**TASK BRIEF**.
Keep the images out while you retype all of the data exactly.

**COLLECTED DATA**.
↓↓↓

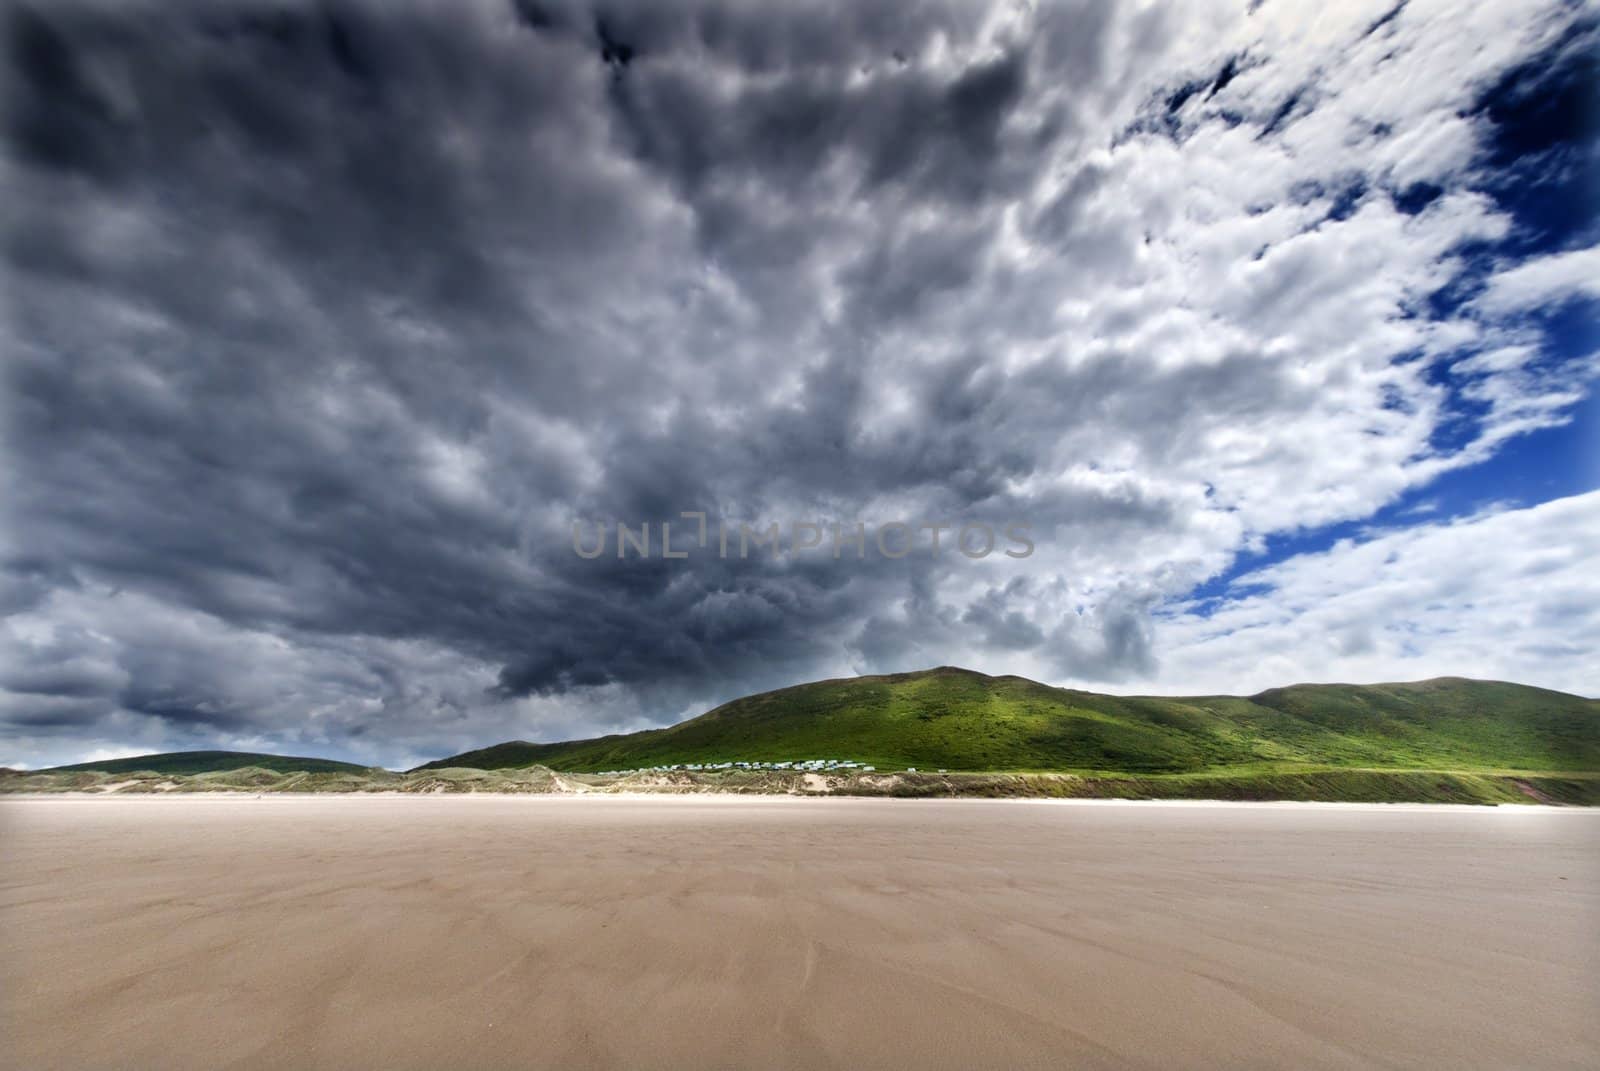 moody skies over deserted yellow sandy beach, gower wales by itsrich
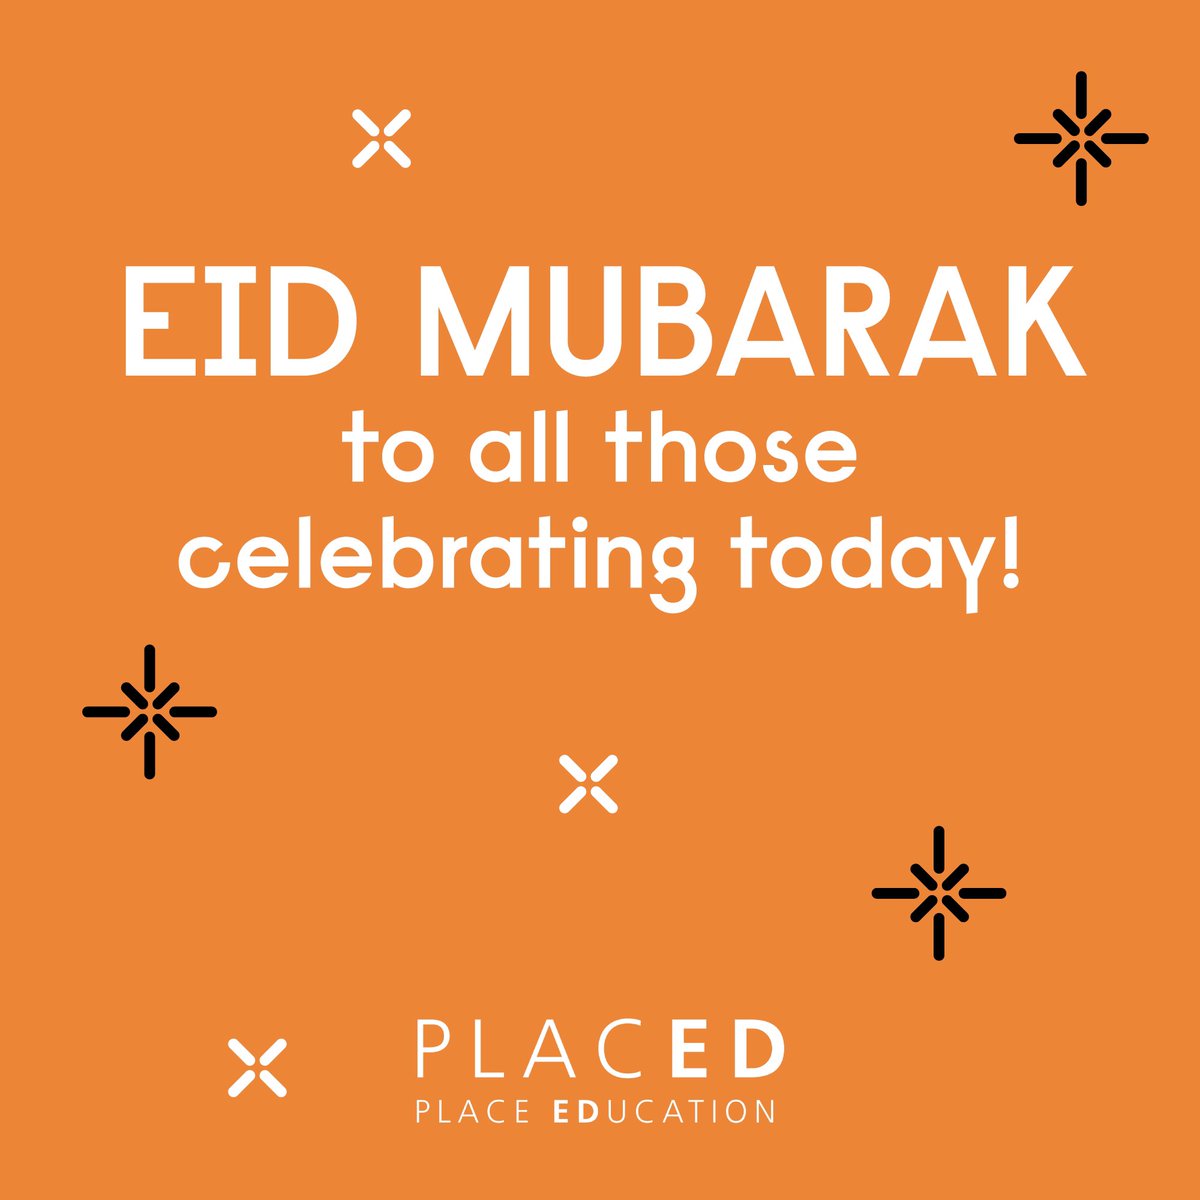 Eid Mubarak to all those celebrating today! ✨ #PLACED
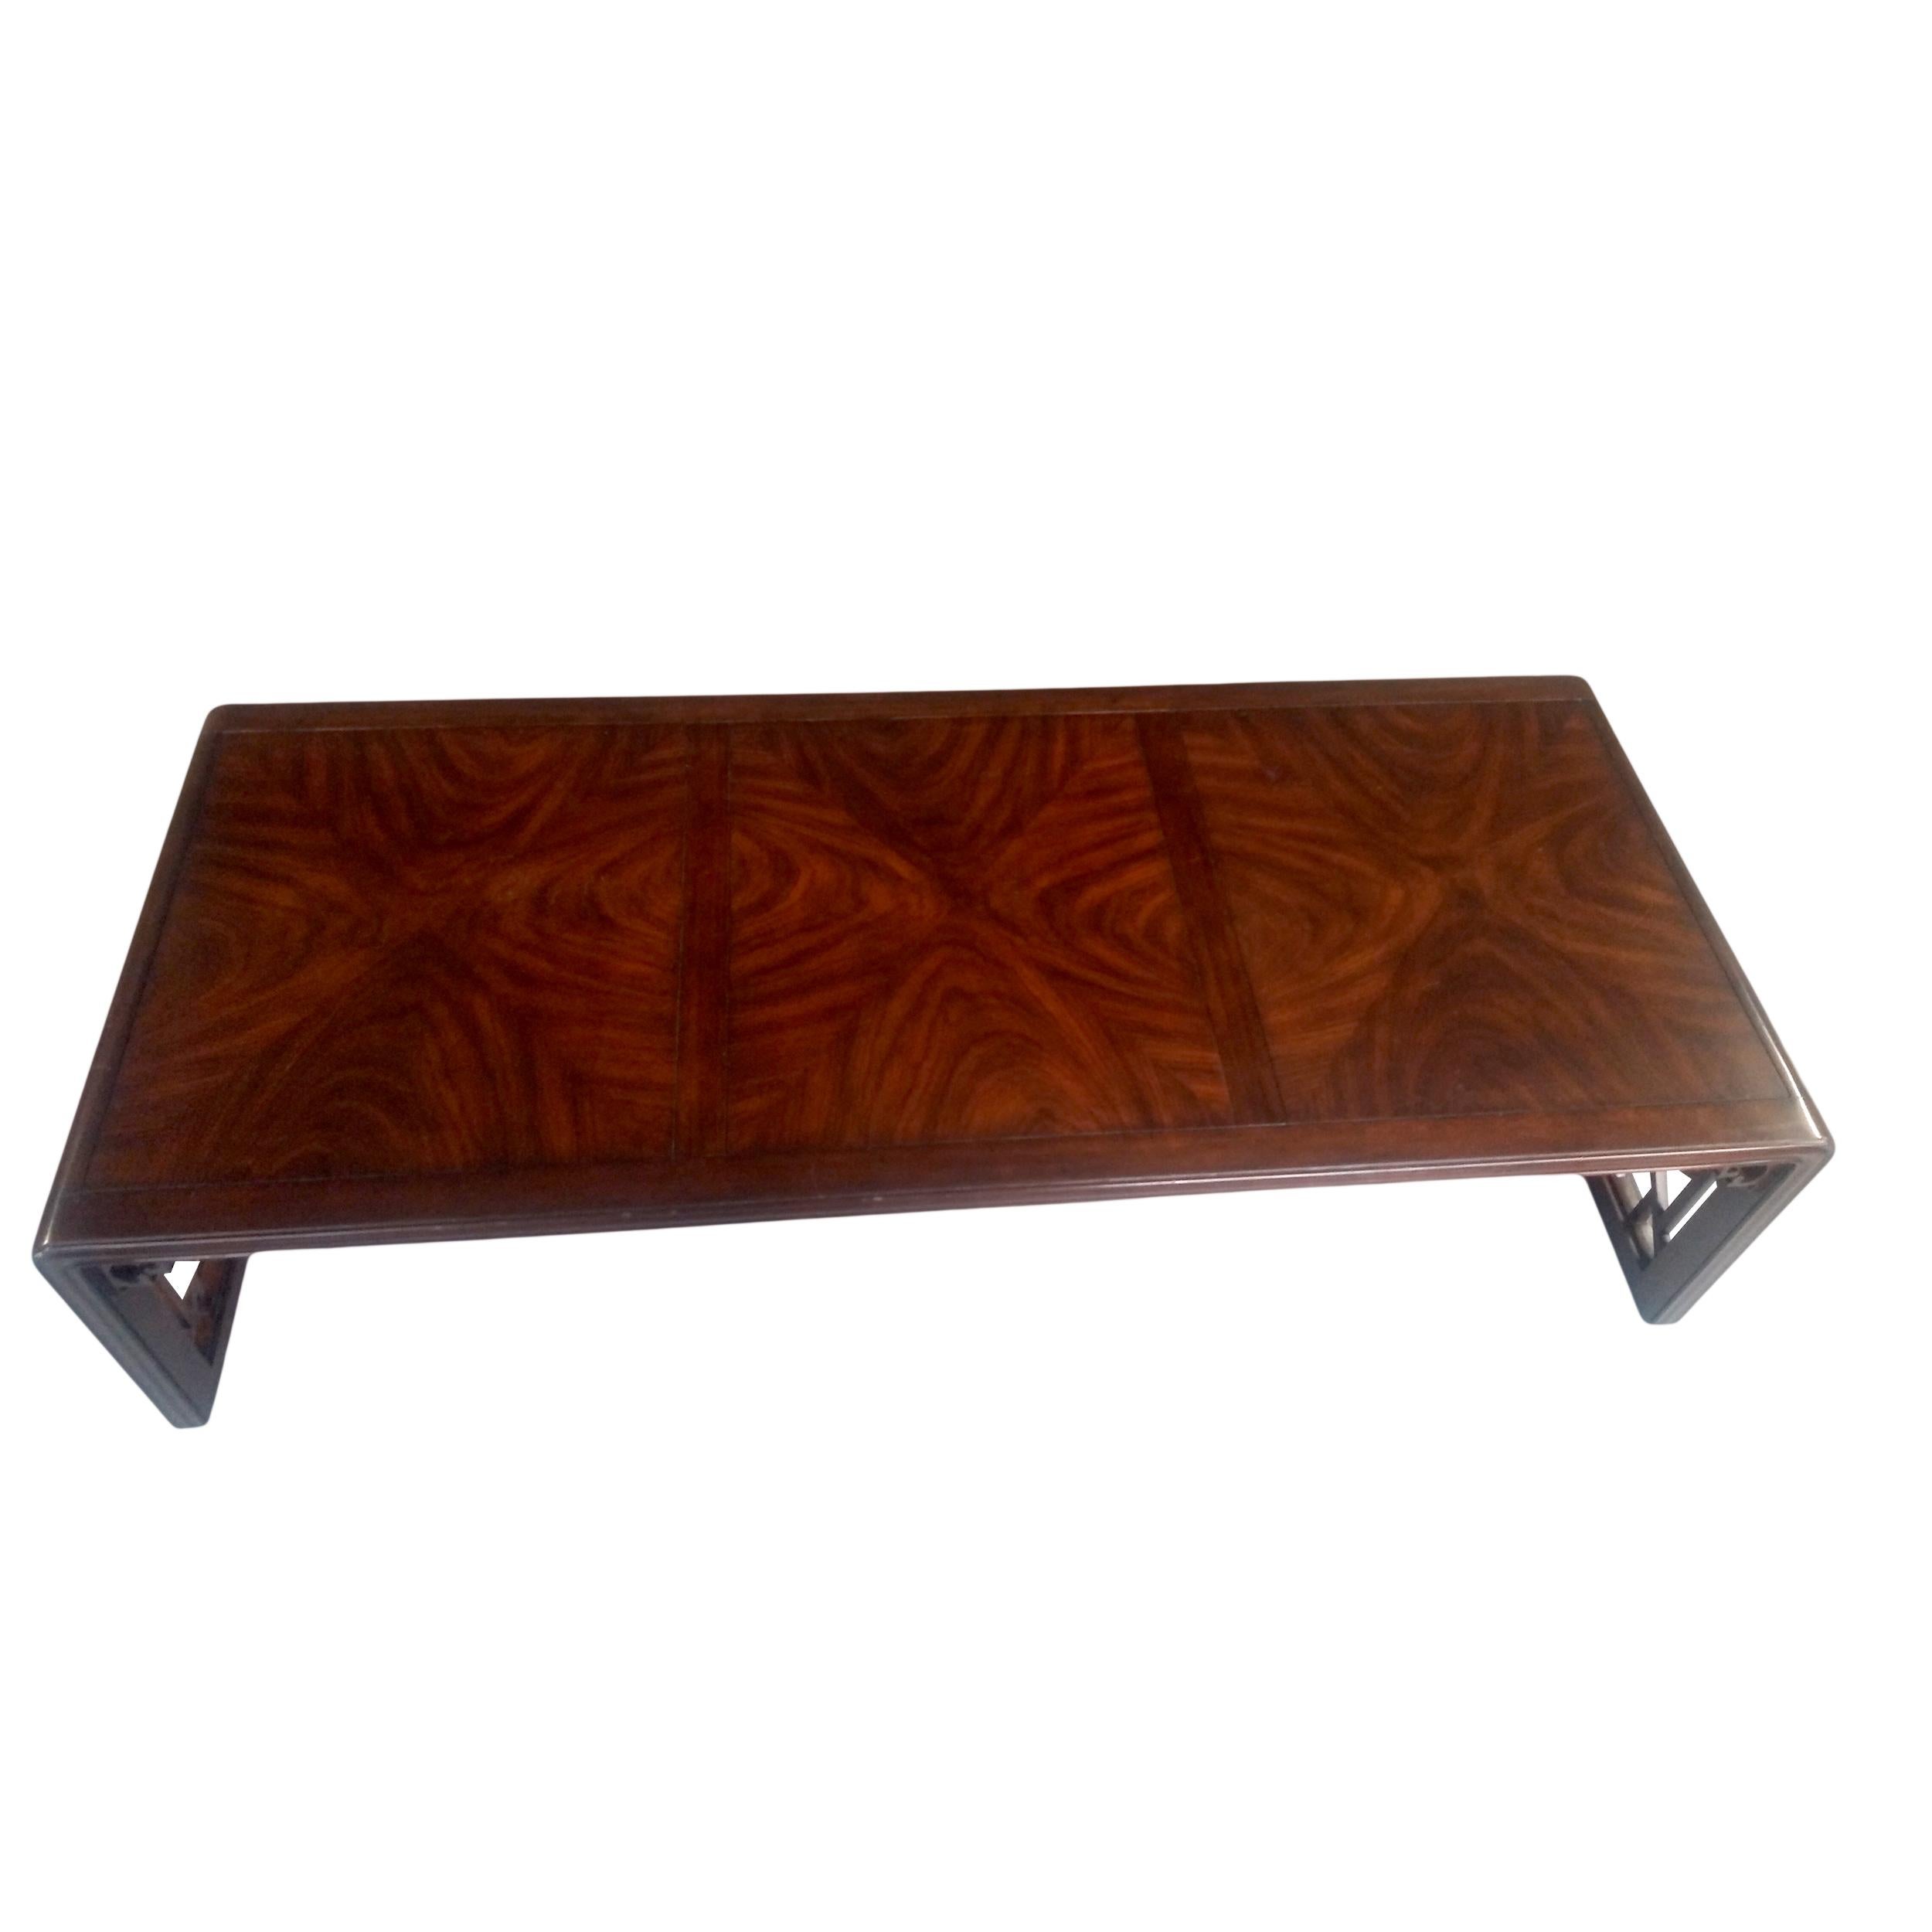 Chinoiserie Chin Hua Waterfall Coffee Table with Fretwork Details

↑↑↑

**COMPLETED EXERCISE**.
 moody skies over deserted yellow sandy beach, gower wales by itsrich
 Eid Mubarak to all those celebrating today! ✨ #PLACED
 Chinoiserie Chin Hua Waterfall Coffee Table with Fretwork Details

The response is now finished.